María La Talegona permaneció toda su vida soltera, pero su vida estuvo repleta del cariño de su familia y amistades y de cuantos la conocían. Persona singular, sencilla cariñosa, humilde y humana que con su cante por saetas supo adentrarse en el corazón de cuantos la escuchaban. Su buena amiga Concepción Castro Muñoz, autora de letras flamencas, le proporcionó muchas de las saetas que La Talegona cantó. Murió en su ciudad el 11 de febrero de 1991.

Testimonios

  • Para María Zamorano su vida era la Semana Santa. Era un torrente de voz y sentimientos, pues rezaba cantando y llorando, era tal la fuerza vital que expresaba que repercutía en su cuerpo entero, suponiéndole subidas la tensión que mediante el sangrado nasal se reconfortaba nuevamente, así exponía este acontecimiento:
-"Cuando voy a cantar me sube la tensión y se me viene a la cabeza, porque como mucho y me da el mareo. Pero cuando me sale la sangre por la nariz se me quita todo y me sale como un corro. Así... como un grifo abierto. Me pongo algo para taparlo y ya estoy bien para cantar como los mismos angeles".

Su cante por saetas era para ella como un éxtasis espiritual, y comentó en alguna ocasión que la Virgen le había sonreído:

-"Fue en la calle Claudio Marcelo. Estaba yo en un balcón cantando una saeta y al tirar "p'arriba" con fuerza cerré los ojos y al abrirlos vi cómo la Virgen me sonreía"

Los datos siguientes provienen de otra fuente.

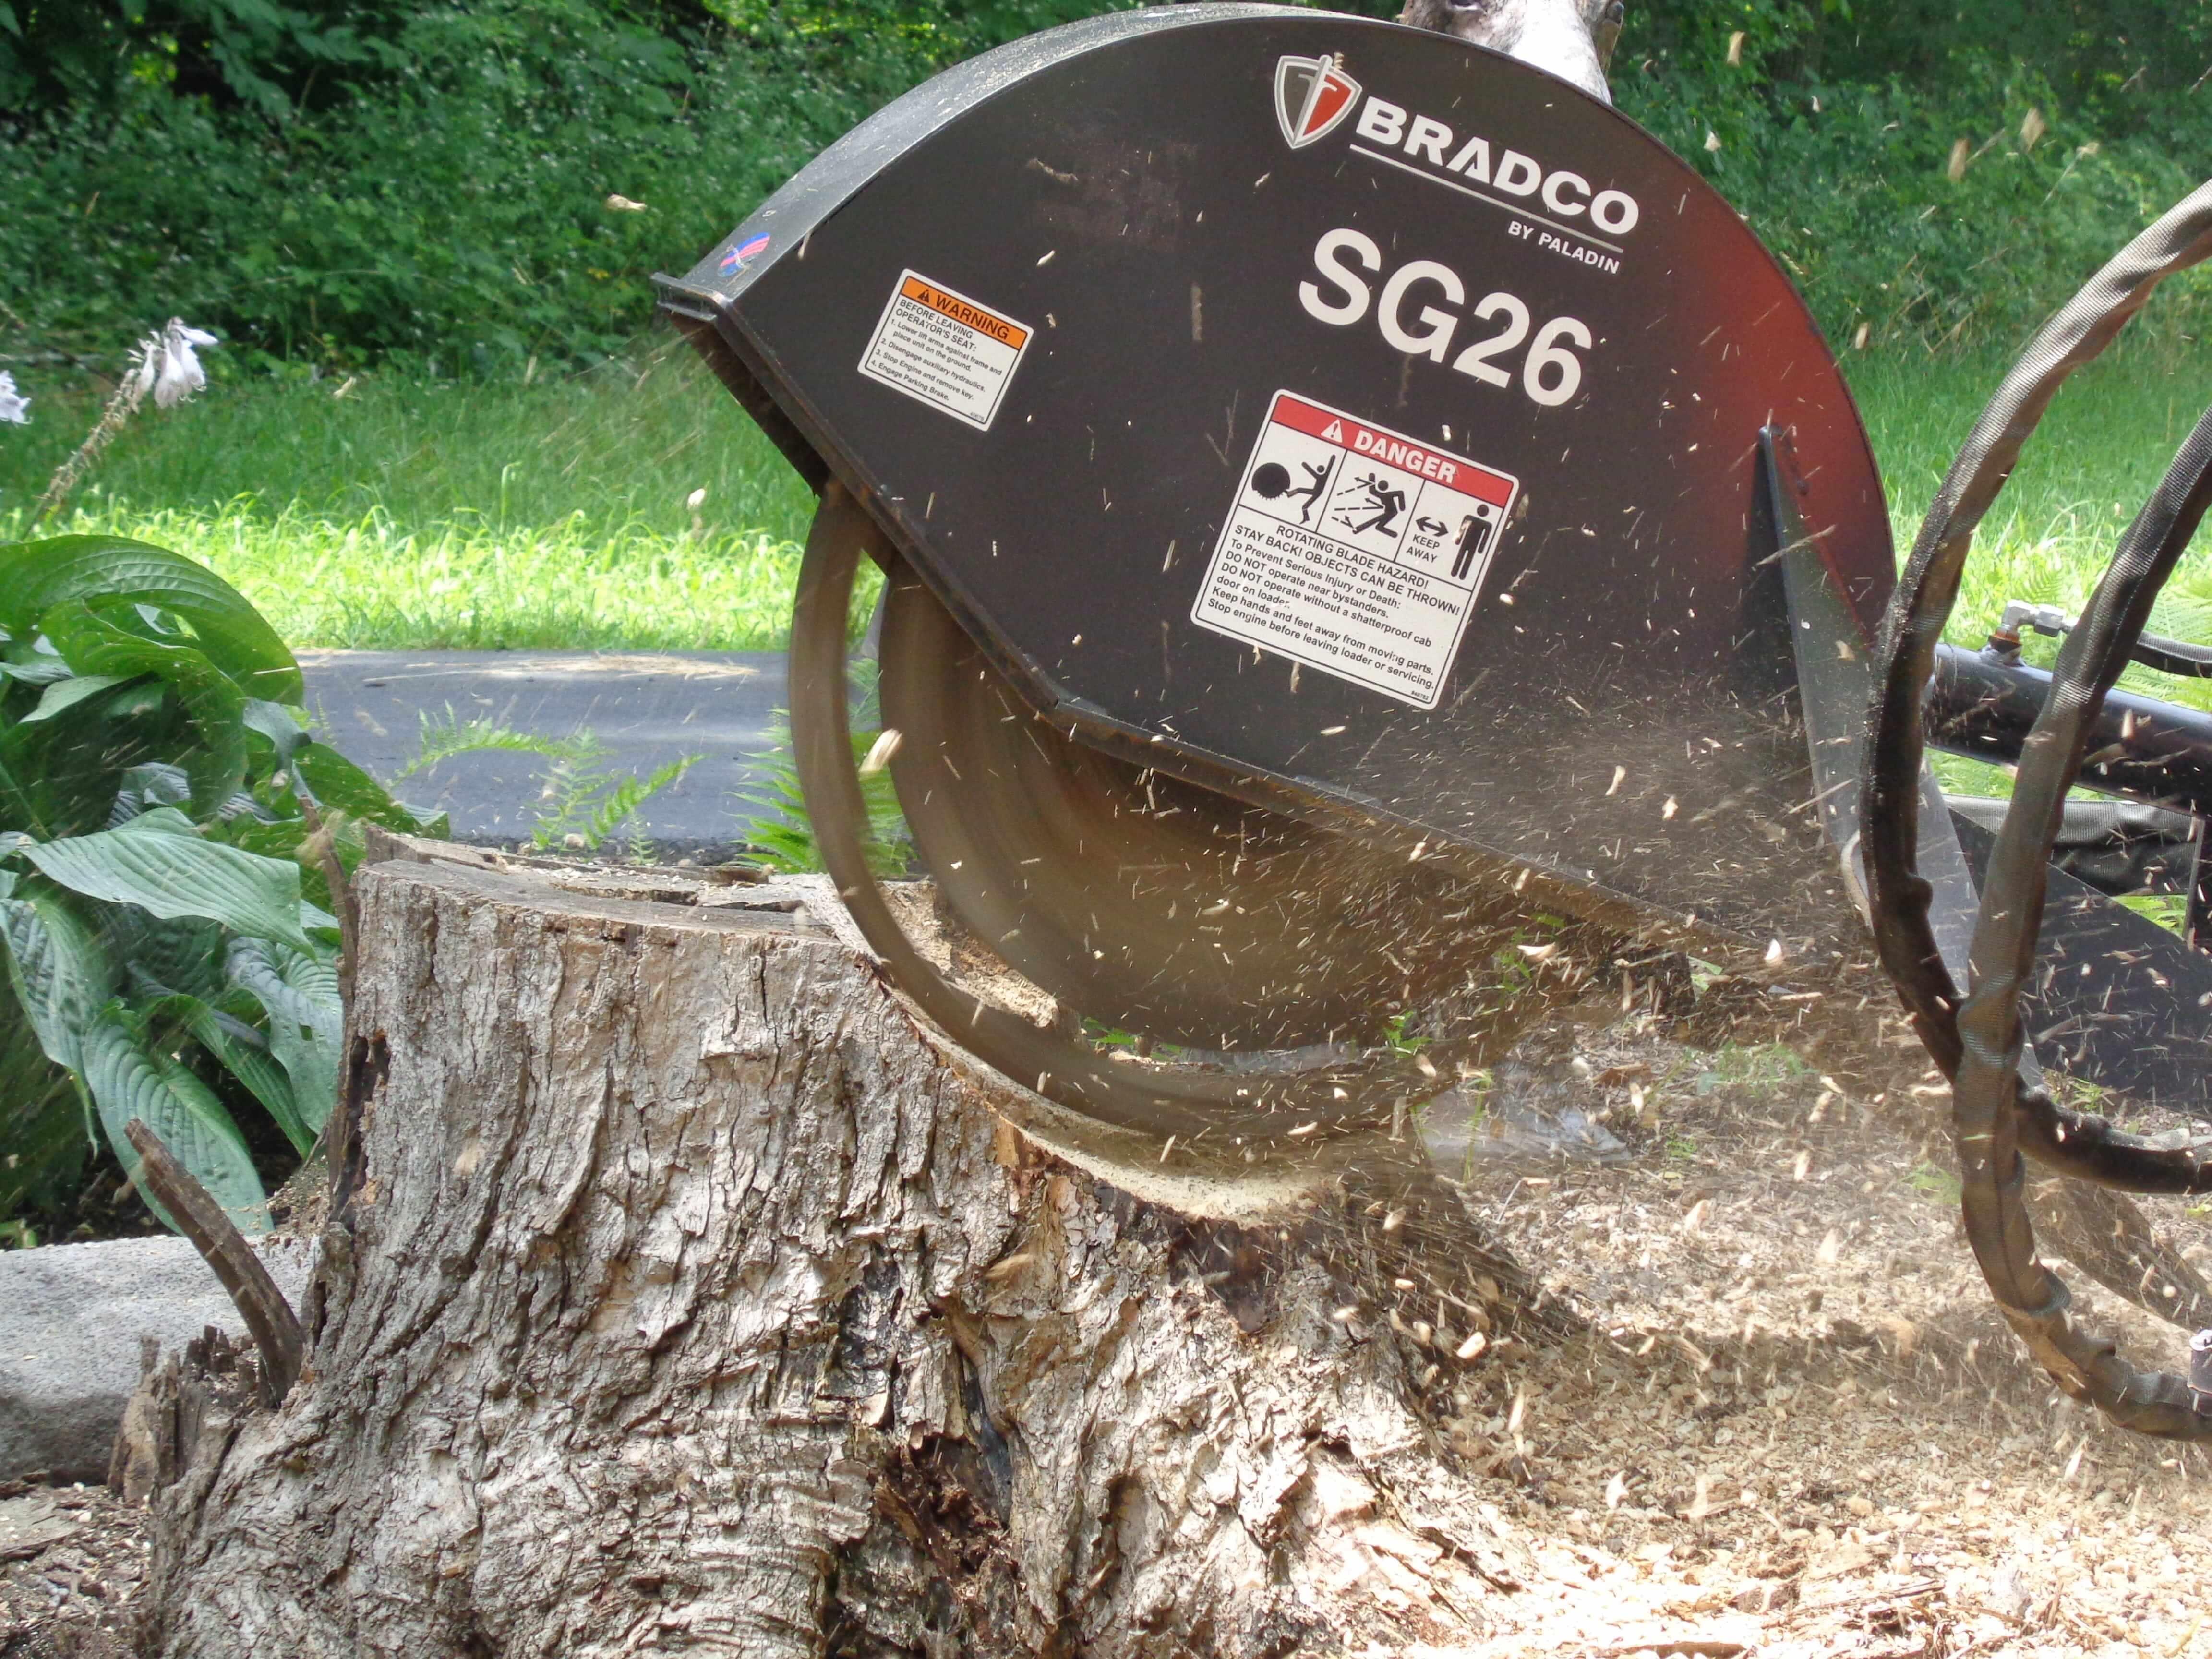 Bradco 26 Sg26 Skid Steer Stump Grinder Attachment Lano Equipment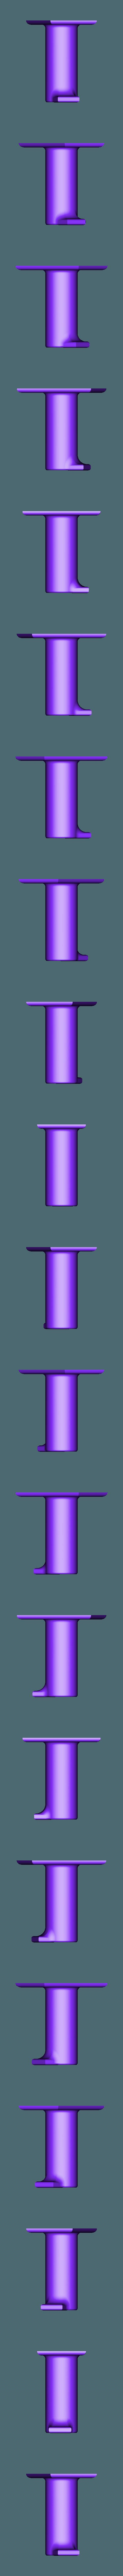 Spool Holder.stl Download free STL file Small Spool holder for 10m Filament • 3D printing object, jaxi666

Así cantó a su Cristo Esparraguero presintiendo la hora de su muerte:

Cristo mío de mi alma
que cerquita estoy de ti.
Con mi saeta te pido
que a la hora de mi muerte,
estés cerquita de mi.



"Todos los barrios, todos los Cristos y todas las Virgenes de Córdoba, han escuchado la plegaria, la fe a gritos de María la Talegona, que penetraba punzante en el corazón de los que poseen la viva llama cristiana. Muchas veces hemos oido su oración, pero queremos recordar esa saeta a la Virgen de los Dolores, cantada en una ventana de la Plaza de Capuchinos":
Costaleros, costaleros,
llevarla a poquito a poco
y tirar por lo derecho,
que no se le claven más
los puñales en su pecho.
o esta otra
Esas lágrimas preciosas
que te ruedan por la cara
se paran en tus mejillas
¡no hay paño con qué limpiarlas!


-"Ni antes ni después ha habido nada igual. Fue una fuera de serie, única con su voz penetrante» en el cante de saetas; y en lo humano -pues compartí con ella veladas de cante por toda la provincia -«una persona sencilla, trabajadora, una buena mujer», que durante el año permanecía en el anonimato para el gran público, que le hacía recobrar su «apogeo» cada Semana Santa.
Churumbaque guarda en la memoria algunas noches célebres en la plaza del Cristo de Gracia lanzando oraciones al «Esparraguero» que se prolongaban «hasta las cuatro de la madrugada".


  • La escritora Rafaela Sánchez Cano la incluyó en su obra Mujeres de Córdoba (col. Arca del Ateneo, 2004).